YOLO系列算法自提出就受到业界广泛关注,YOLOv8集成了前几代算法的优势,具有更快的检测速度和识别精度,在各种图像处理任务都表现出色[17-18]YOLOv8又被细分为五个版本以适应各种图像处理任务的要求,分别为YOLOv8n、YOLOv8s、YOLOv8m、YOLOv8l、YOLOv8x。YOLOv8的具体结构由主干网络(Backbone)、颈部网络(Neck),以及头部(Head)组成。主干网络提取特征信息,颈部网络负责特征融合,头部则输出结果。虽然YOLOv8的性能已经十分出色,但对于飞鸟识别任务来说还略有不足,存在识别精度不高、小目标检测困难、密集目标预测不准确等问题。因此,针对飞鸟的一些特性,提出了改进的YOLOv8模型。
飞鸟识别较一般图像识别任务更为困难,因为飞鸟具有高度相似的从属类别,也就是类间差异小,而不同的姿势、拍摄角度等因素又可能会造成较大的类内差异。如图1所示,金腰燕因飞行姿态和拍摄角度问题,呈现出较大差别。而金腰燕、灰椋鸟、白头鹎之间的差异很小。因此,引入EfficientViT对飞鸟特征进行多尺度学习,提高模型的飞鸟识别能力。

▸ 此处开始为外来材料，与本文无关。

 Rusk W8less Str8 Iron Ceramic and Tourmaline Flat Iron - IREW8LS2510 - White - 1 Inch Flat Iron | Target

此外,由于飞鸟具有群聚特性,飞鸟数据集中也常出现目标密集的情况。YOLOv8的主干网络采用的Darknet-53结构框架利用残差连接和Split操作实现了多尺度特征信息的整合,但无法有效处理密集目标。而EfficientVIT采用的多尺度线性注意力方法可以有效识别密集目标,因此将其加入YOLOv8主干网络,以加强密集目标的识别能力。

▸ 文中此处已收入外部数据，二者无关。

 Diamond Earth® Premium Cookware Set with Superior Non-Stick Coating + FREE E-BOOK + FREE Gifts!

最后,部分飞鸟体积较小,占整幅图像不足十分之一,属于小目标范畴,YOLOv8在识别时会出现漏检和识别不准确的情况。高效多尺度注意力(EMA)可以避免特征降维,可以捕获更多的特征信息,有利于小目标的识别,因此将EMA引入改进模型,以减少漏检的概率,提升模型对小目标飞鸟的识别性能。

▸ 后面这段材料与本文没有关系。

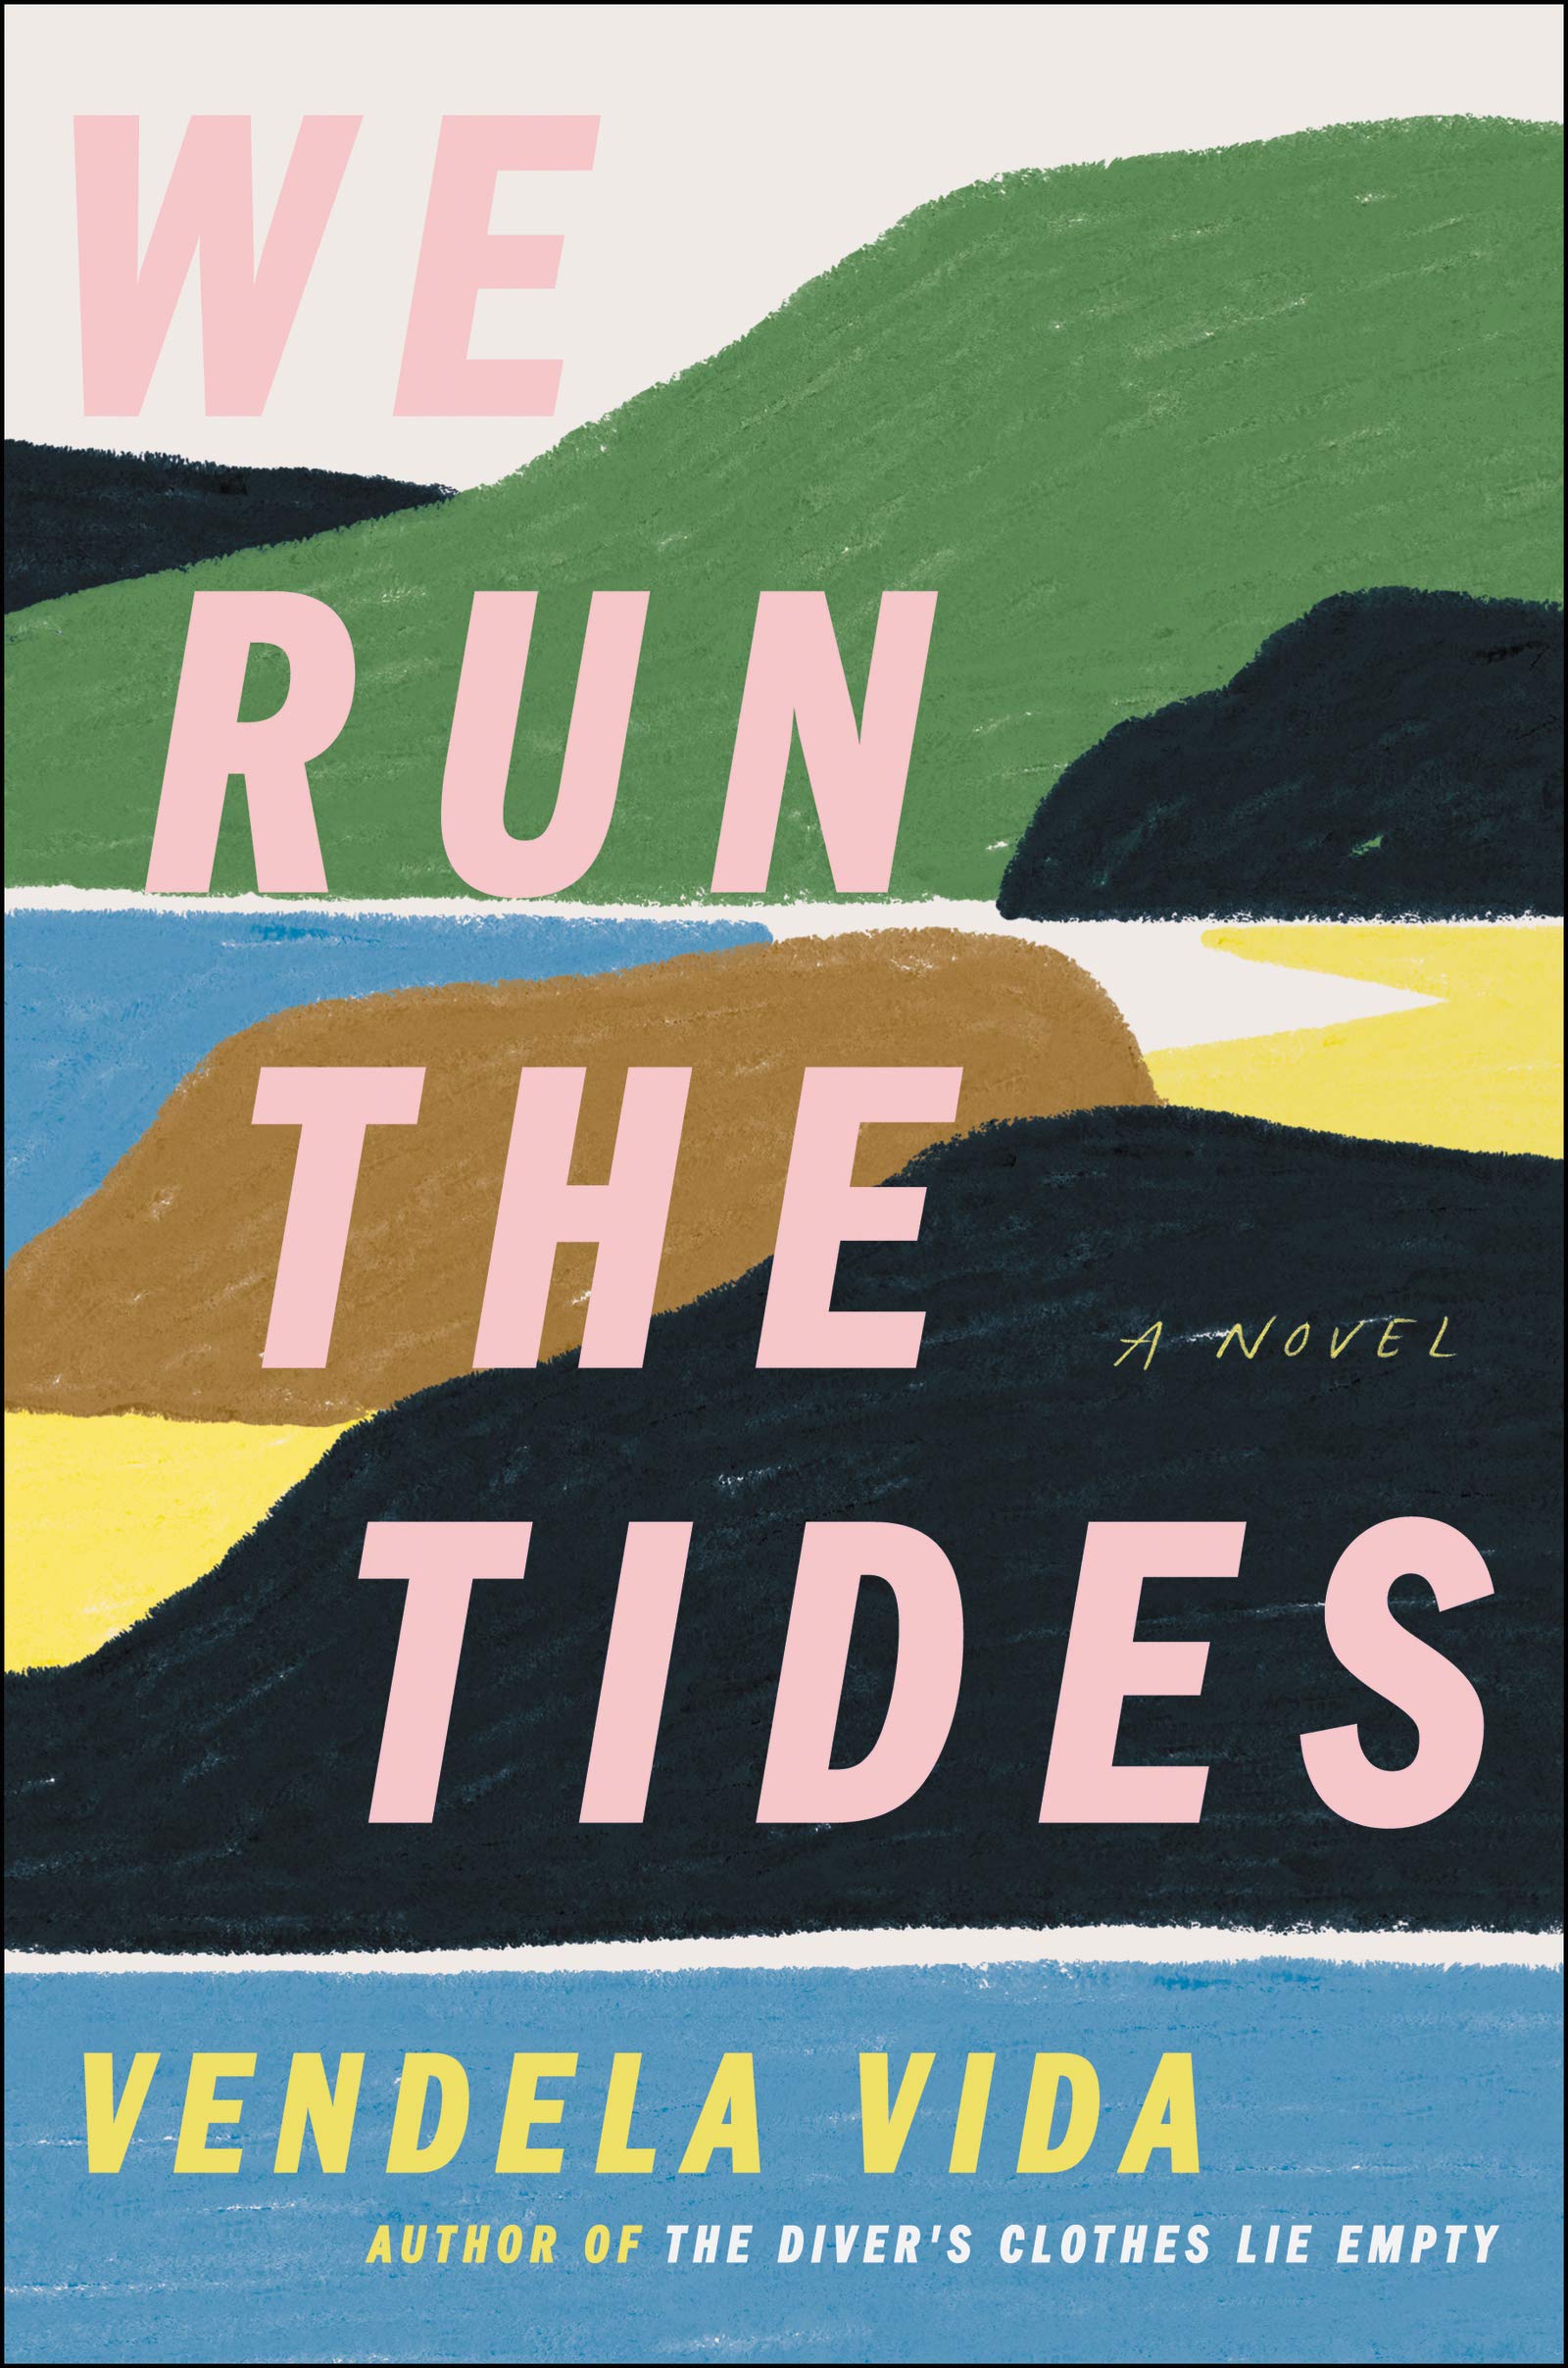 We Run the Tides: A Novel

Transformer模型在处理自然语言方面表现出色,自注意力机制允许模型同时关注Input部分的所有位置,可以捕捉全局语义信息。Dosovitskiy等[19]将Transformer引入计算机视觉方面,提出了ViT(vision Transformer),通过将图像拆分为像素块的方法将图像嵌入模型,用处理自然语言的方法处理图像。在大规模预训练之后,VIT在图像处理任务中取得了能与最先进的卷积神经网络相比的良好效果。但密集目标的检测识别效果仍然较差,Xie等[20]研究证明对密集目标的处理需要全局感受野,Guo等[21]使用大核注意机制实现了大感受野,但大卷积核对硬件要求较高,该方法存在一定的局限性。Cai等[22]提出的EfficientViT,进一步提高模型效率,且在高分辨率的密集预测任务中表现出色,EfficientViT利用轻量级线性注意力实现了全局感受野和多尺度学习,并且对硬件没有特殊要求,在实验中验证了其对密集目标检测的有效性。因此将EfficientVIT的核心模块应用于YOLOv8网络架构中,以提高鸟类识别时密集检测的准确率以及模型性能。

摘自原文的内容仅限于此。